The Broncos outgunned Utah by upwards of 300 yards in total offense, 523 to 201, on a difference of almost three full yards per play. They went over 200 yards rushing and 250 passing for the seventh time this season. They kept the opposing offense out of the end zone for the fifth time. The nation's most sack-happy defense brought down Ute quarterback Terrance Cain five times. They punted once, on the second series of the game. And they trounced another ranked opponent, their third top-25 victim of the year.
Across the board, Boise settled in over the last two-and-a-half quarters to exactly the brand of front-running dominance it exhibited for all but one quarter of the regular season, exiting the stage with just that one lingering bit of unfinished business: Just how are we supposed to judge that performance, anyway?
For the believers, the numbers and the final score against the Utes were good enough to leave you wondering what might have been if Kyle Brotzman – who ended his career tonight as the NCAA's all-time leading scorer among kickers – hadn't ganked those crucial field goals at Nevada. But with the slow start, turnovers and blown opportunities, it certainly wasn't good enough to convert skeptics who refused to look past the second-rate schedule. In that sense, it was an appropriate final act for the most divisive team in recent memory: The Broncos gave the wedge one final whack, took a bow and exited stage left to simultaneous applause and indifference.

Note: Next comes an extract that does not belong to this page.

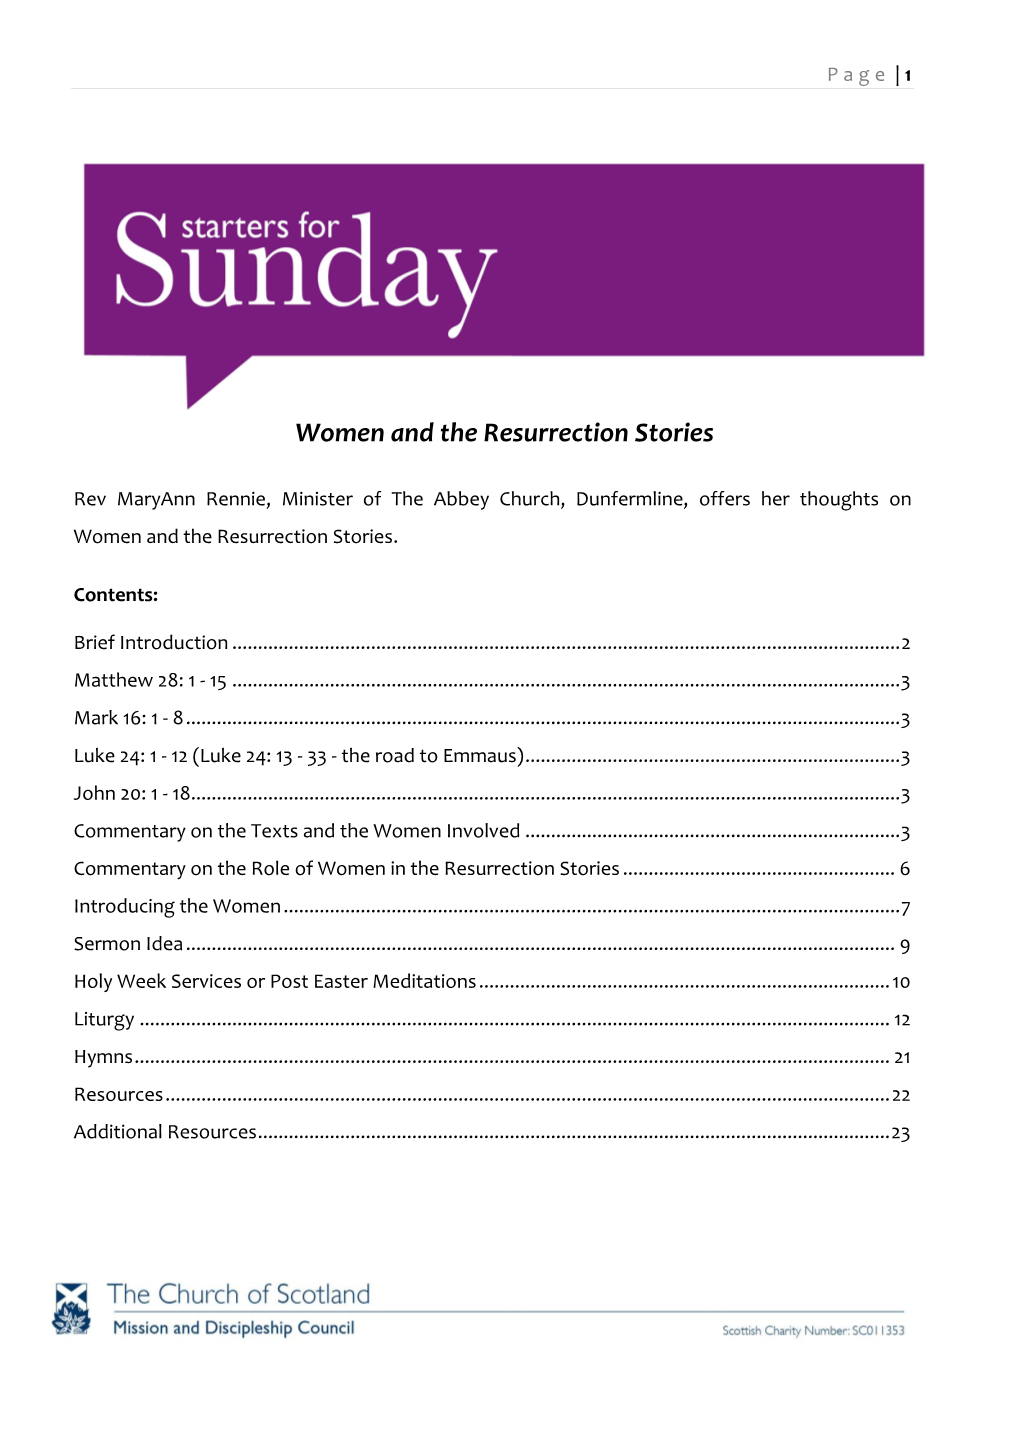 Women and the Resurrection Stories
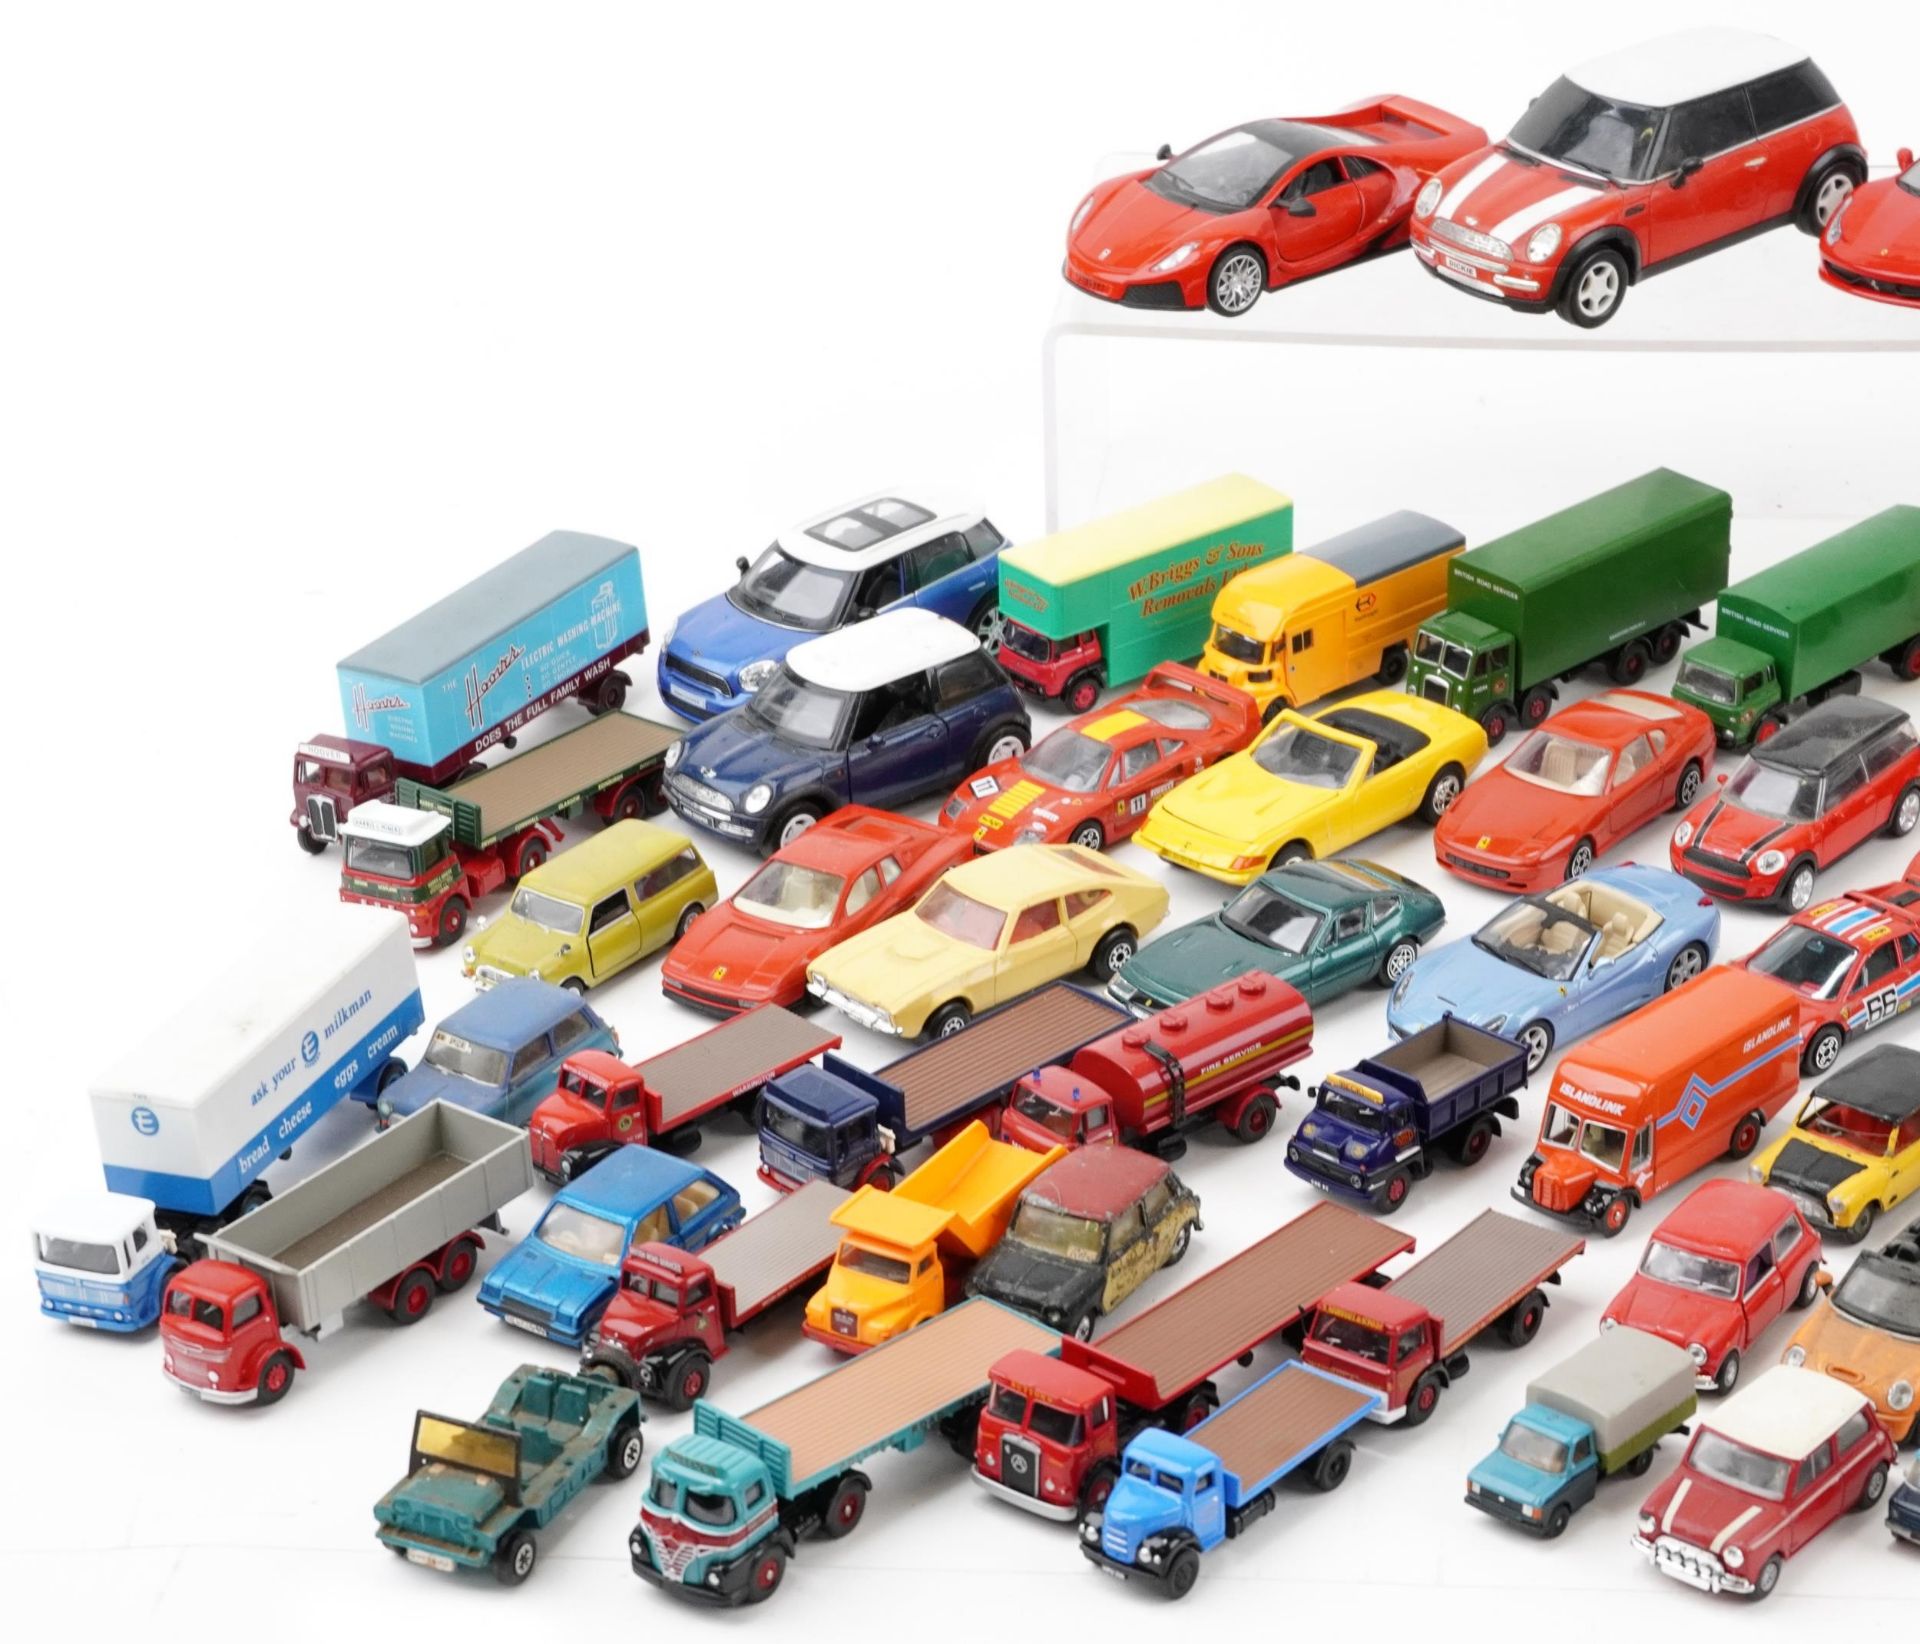 Large collection of vintage and later collector's vehicles, predominantly diecast, including Burago, - Image 2 of 4

Over time, though, the aftertaste of one final blowout for the road may serve to deepen the sense of missed opportunity. Boise State didn't open the season in the top five by some lucky accident: This season was the logical culmination of a sharp, decade-long rise, the golden window for a team somehow returning 23 of 24 starters from a 14-0 Fiesta Bowl champion that finished fourth in the polls in 2009. This was the team to finish the ascent.
And it filled that potential, for the most part, and then some. It knocked off the eventual ACC champ in what amounted a road game on opening night, and reeled off nine straight as a double-digit favorite without encountering anything that even resembled a challenge. All things considered, it was probably a better team than the '09 edition over the course of the entire season – except for the season-killing collapse in Reno, which slammed the window shut, possibly forever. This time, ten starters will be moving on in 2011, including Brotzman, prolific receivers Titus Young and Austin Pettis and All-WAC defenders Ryan Winterswyk, Winston Venable, Brandyn Thompson and Jeron Johnson.
The lineup they leave behind faces the first of a couple crucial rebuilding seasons to sustain the consistency that put the 2010 edition on the cusp of a once-a-generation breakthrough. Odds are, though, that tonight was Boise's final hurrah as a serious national player for the foreseeable future. This was the team, and it fell just short of the summit. One last reminder that it really did have the tools to get there is almost as cold a sendoff as another reminder that it probably didn't. Almost.